* DATASET EXCERPT:
◇ ◇ ◇ ◇

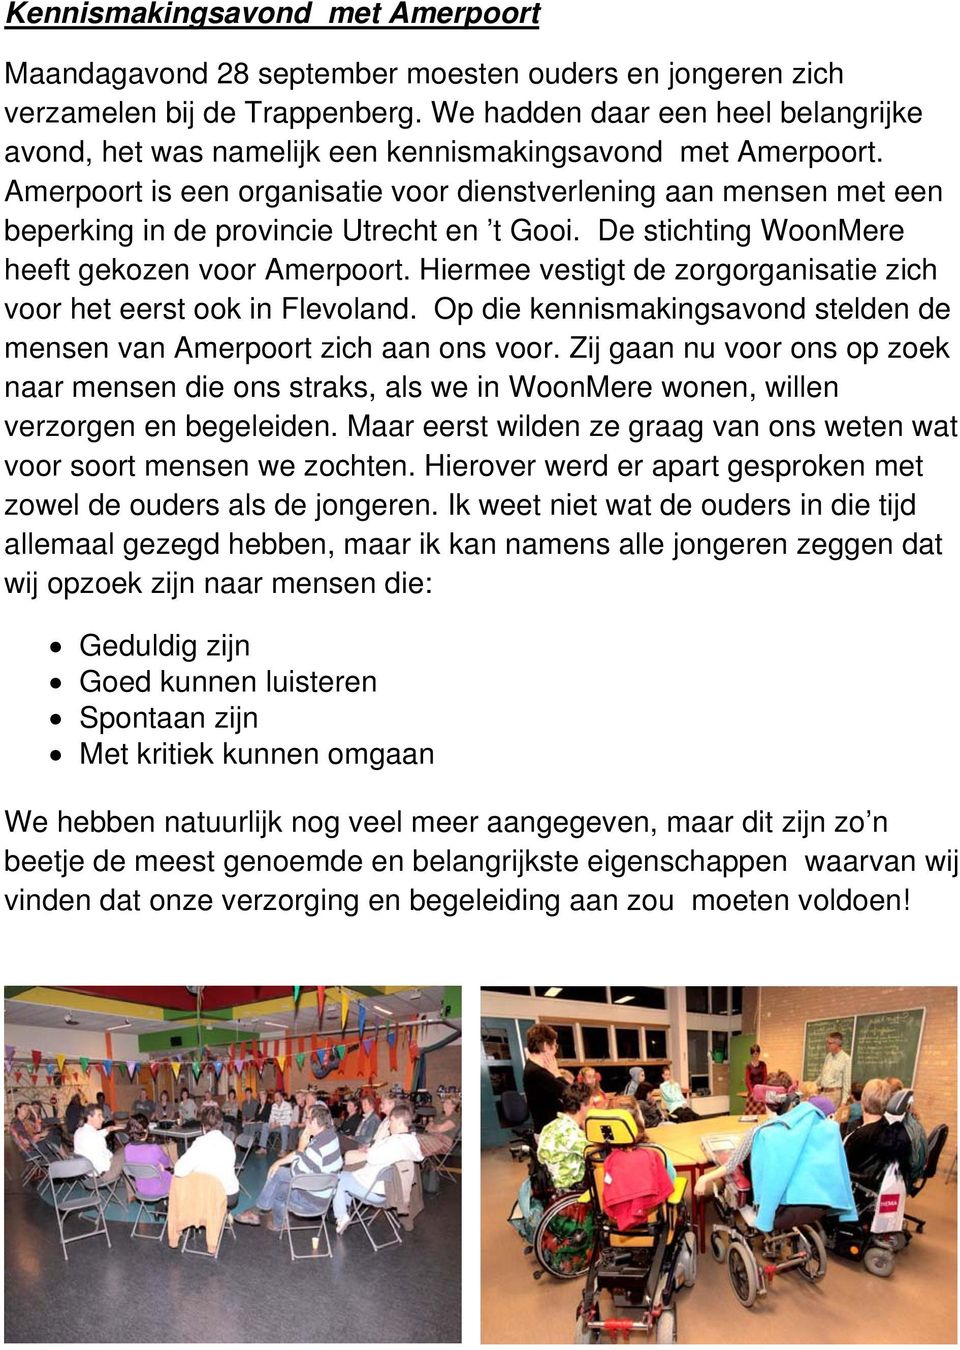 Amerpoort is een organisatie voor dienstverlening aan mensen met een beperking in de provincie Utrecht en t Gooi. De stichting WoonMere heeft gekozen voor Amerpoort.
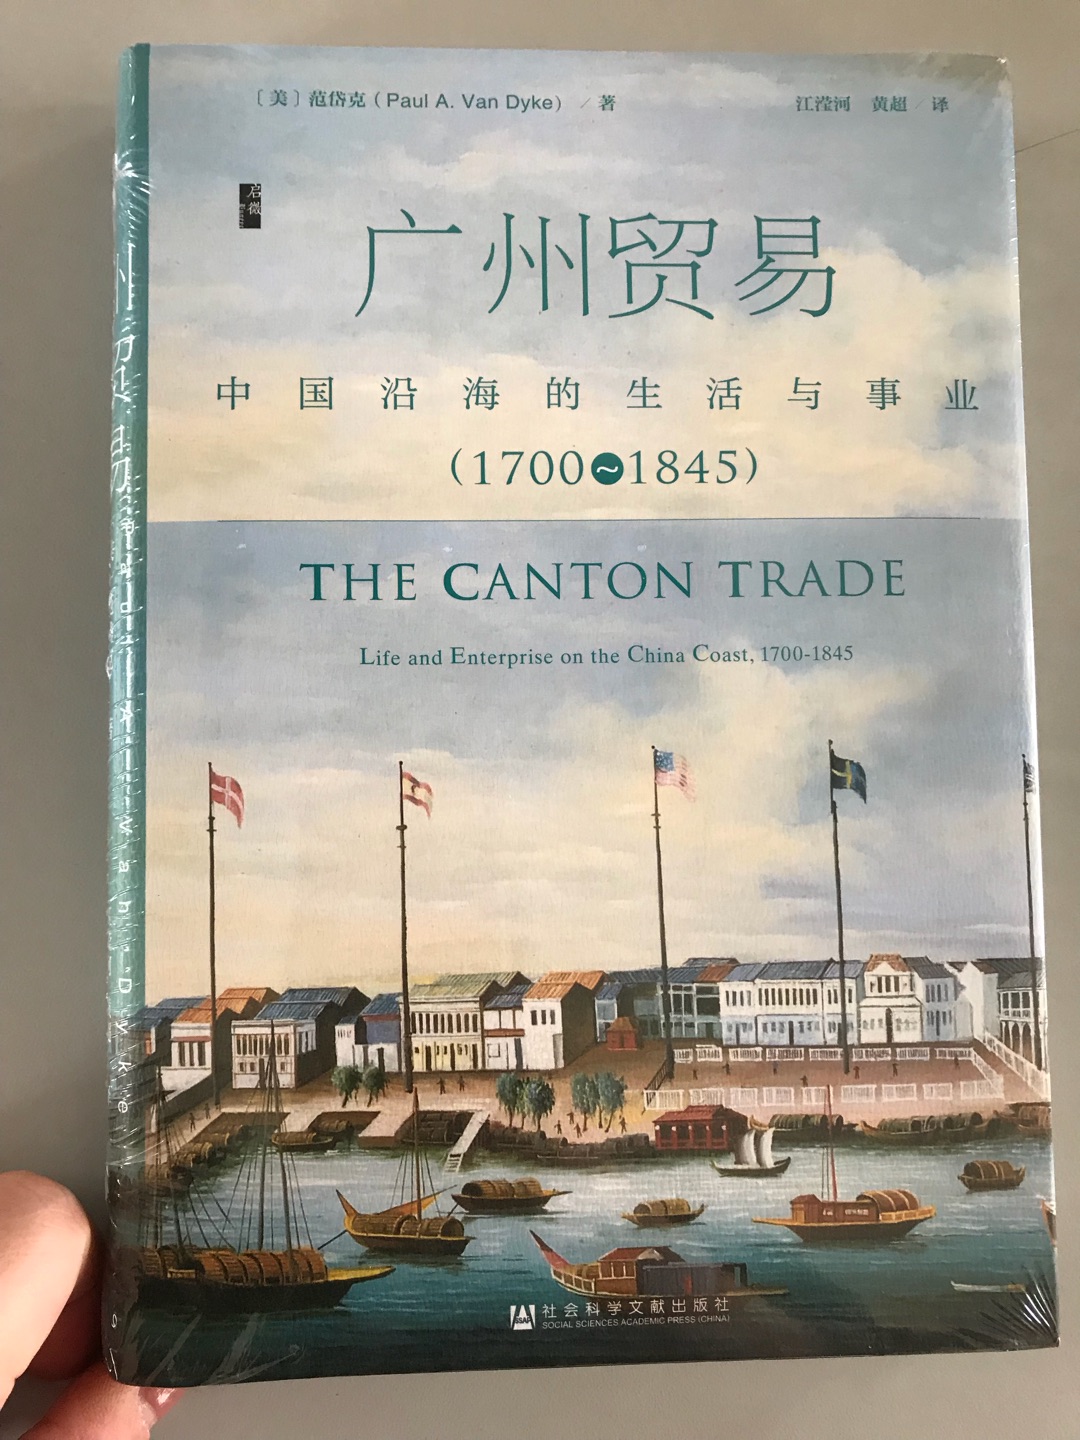 《广州贸易：中国沿海的生活与事业（1700~1845）》清代的大部分时间，广州是中国对外贸易的单一港口。本书利用极为丰富的多语种资料，重建了广州贸易在18~19世纪上半叶的日常运作。它采用自下而上的方法，通过专注于实践和程序，而不是官方政策和协议，重新审视了贸易的成功和失败。作者揭开了所有参与者的日常生活，从引水、买办、通事，到大班、行商和海关官员。本书最后对广州贸易体制的反思极为深刻。全书论证透彻严密，翻译语言精练流畅，可读性强，是一部了解清代对外贸易的经典著作。
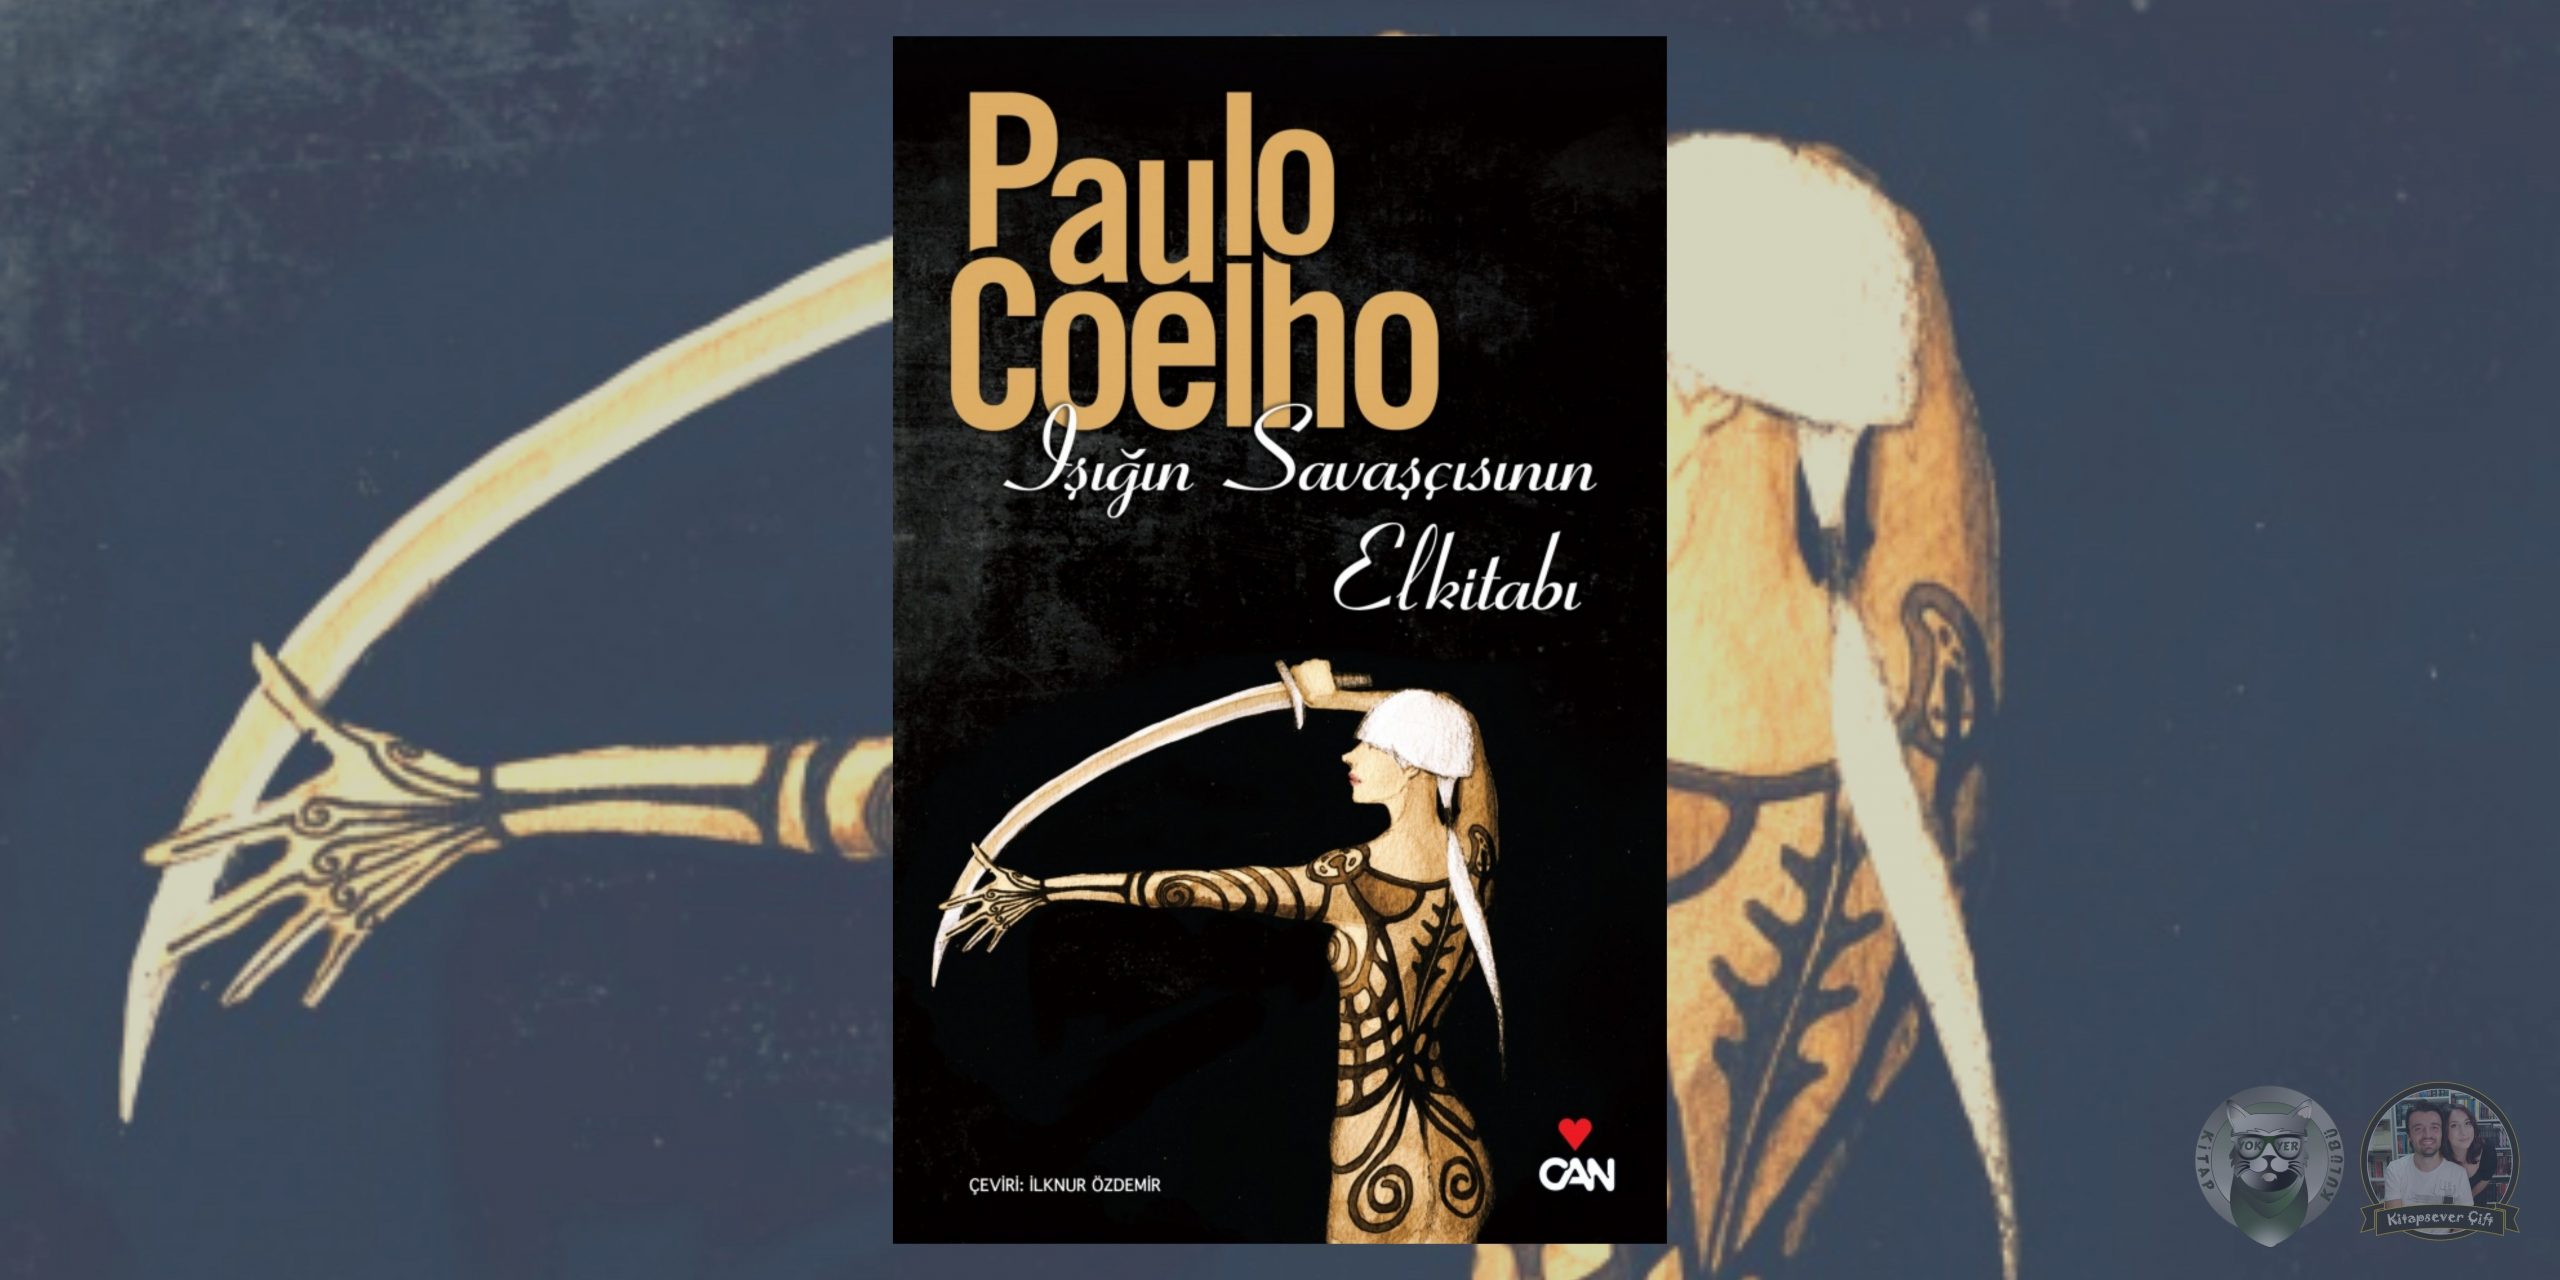 paulo coelho kitapları 1 – isigin savascisinin elkitabi scaled

◇ ◇ ◇ ◇

* YOUR INSTRUCTIONS:
All of the data is to be returned exactly, with no pictures included.

* EXERCISE RESPONSE:
 Amerpoort is een organisatie voor dienstverlening aan mensen met een beperking in de provincie Utrecht en t Gooi. De stichting WoonMere heeft gekozen voor Amerpoort.
 《广州贸易：中国沿海的生活与事业（1700~1845）》清代的大部分时间，广州是中国对外贸易的单一港口。本书利用极为丰富的多语种资料，重建了广州贸易在18~19世纪上半叶的日常运作。它采用自下而上的方法，通过专注于实践和程序，而不是官方政策和协议，重新审视了贸易的成功和失败。作者揭开了所有参与者的日常生活，从引水、买办、通事，到大班、行商和海关官员。本书最后对广州贸易体制的反思极为深刻。全书论证透彻严密，翻译语言精练流畅，可读性强，是一部了解清代对外贸易的经典著作。
 paulo coelho kitapları 1 – isigin savascisinin elkitabi scaled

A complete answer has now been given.